Ingredients x 4 doesn't work because you are not accounting for accurate labor. You need to add up supplies + ingredients + overhead (rent, electricity, etc) + labor then add 20% (or whatever you choose) for profit on top of that.

Charging by the serving is just a matter of how you write it. Once you use the formula to find out your price, you can charge by the cake or the serving. So a 8" cake would be $40 or $1.66 per serving. (24 servings) I just made this number up, btw.

scp1127 Posted 5 Mar 2012 , 8:36am
post #6 of 7

This is the true business model and the only true way to arrive at price. Argue if you want, but it has been the model since commerce and trade began.

Gather every bit of info about your competition, including buying their product and eating it.

Compare all cometitors including yourself. Compare flavor and price first. Now be brutally honest or you are only kidding yourself. Put yourself in the mix and derive a price based on where you fit. Now you have a preliminary price.

Now add up every cost. Subtract that cost from the fair market price and that is the amount you get as income and profit, pre-tax. If you like the number, great. If you don't, then your quality needs to come up or your expenses need to go down.

You can take into consideration special circumstances that will up or lower that price. Convenience, credit cards, longer hours, flavor options, etc. But be sure to credit these to your competitors too if they have these assets.

The business model will show that if you deviate from your true place in the market, you will either have too little business if you are overpriced, or too much business with little net income if you are underpriced.

As an example, I am sometimes three times higher in price compared to my competitors, so how does that fit? I still closely adhere to my model and I actually fit where I have placed myself. I offer a product that is not offered by my competitors, so I had to look outside my industry for my numbers. I'm not going to give that information, but again, I fit perfectly.

So I had to be happy where the market put me, or I did not have a viable business plan. Did you see that... business plan. With this you wouldn't have to ask the question and all businesses should have one before they even think of opening. That is the reason 85% of new businesses fail.

Since I have opened, I have found numerous ways to save money, mainly by being able to buy larger quantities. This has only widened my income to expense ratio.

You can't just decide your income. If it was that easy, we would all be making a fortune and that 85% that fail would succeed.

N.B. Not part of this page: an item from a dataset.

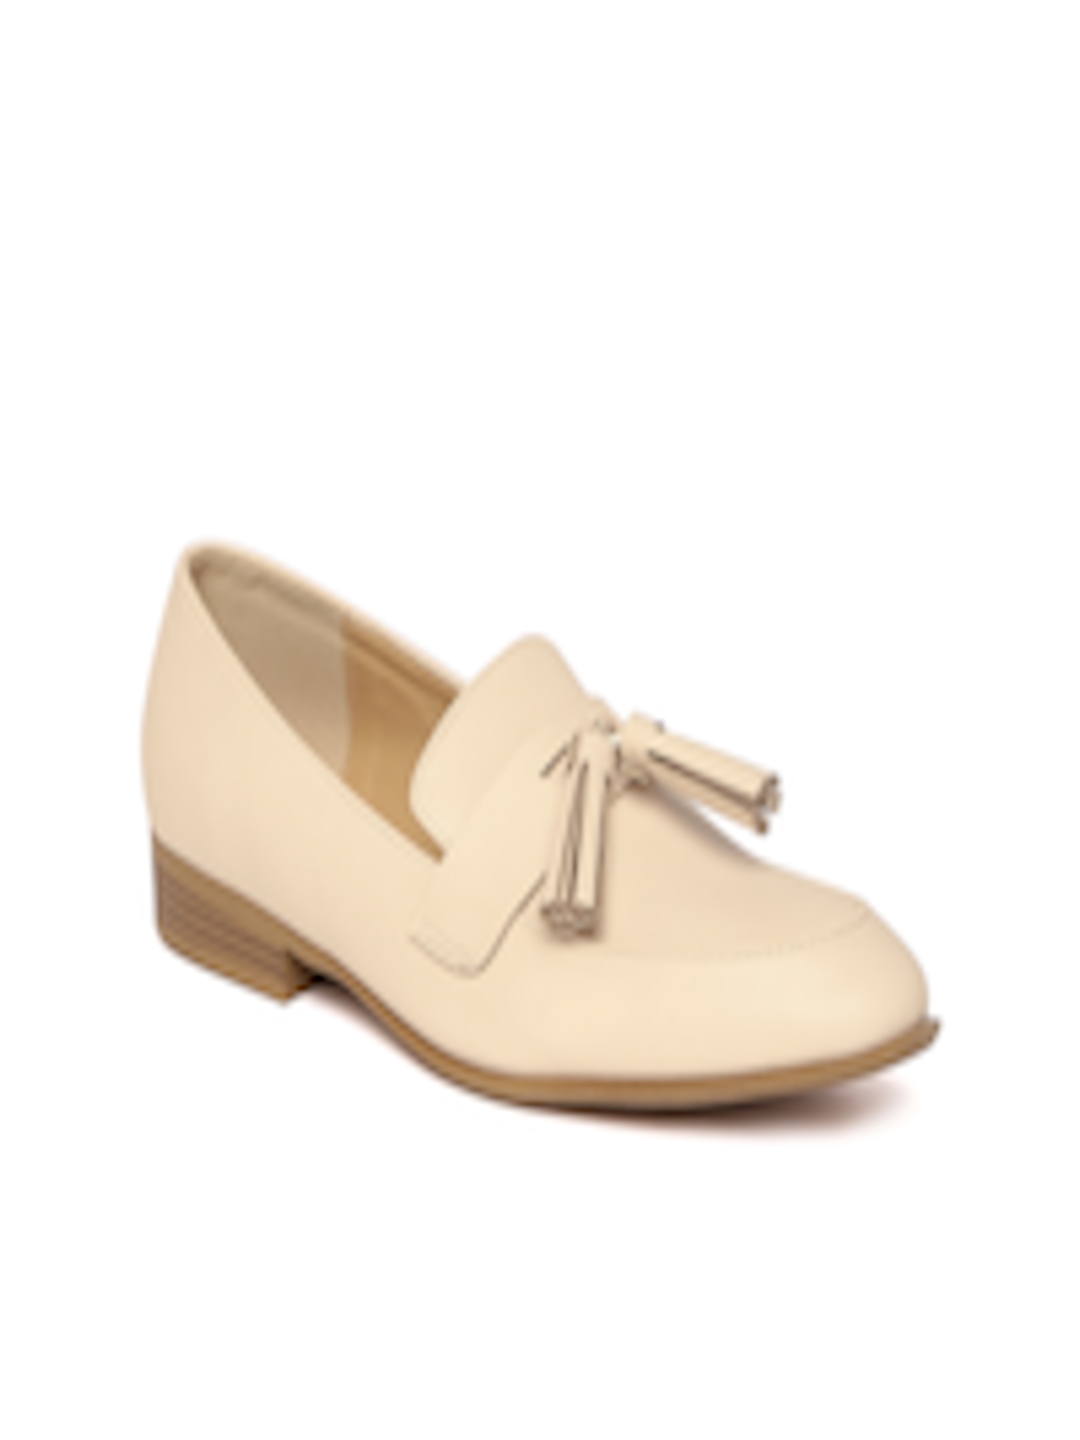 Buy Allen Solly Women Beige Loafers - Casual Shoes for Women 2154464 ...

And we can't just price to market and cross our fingers. We still have to be responsible for our expenses.

One other very important issue that is easily overlooked... saturation. In some markets, there are just too many vendors already out there. If you can fit and take someone's business, great. But just because you open doesn't mean that your area is automatically adjust their desposable income for you. Your area may not be able to support one more business in this industry.

I owned a marketing company for years and this is the first exercise I would do. They had to take their place in the market seriously, truthfully, and critically. Without this basic knowledge, I couldn't help them take business from someone else, as that is how it is done.

Bridgette1129 Posted 6 Mar 2012 , 6:37am
post #7 of 7

Wow, scp1127. Everyone should save this topic because of you!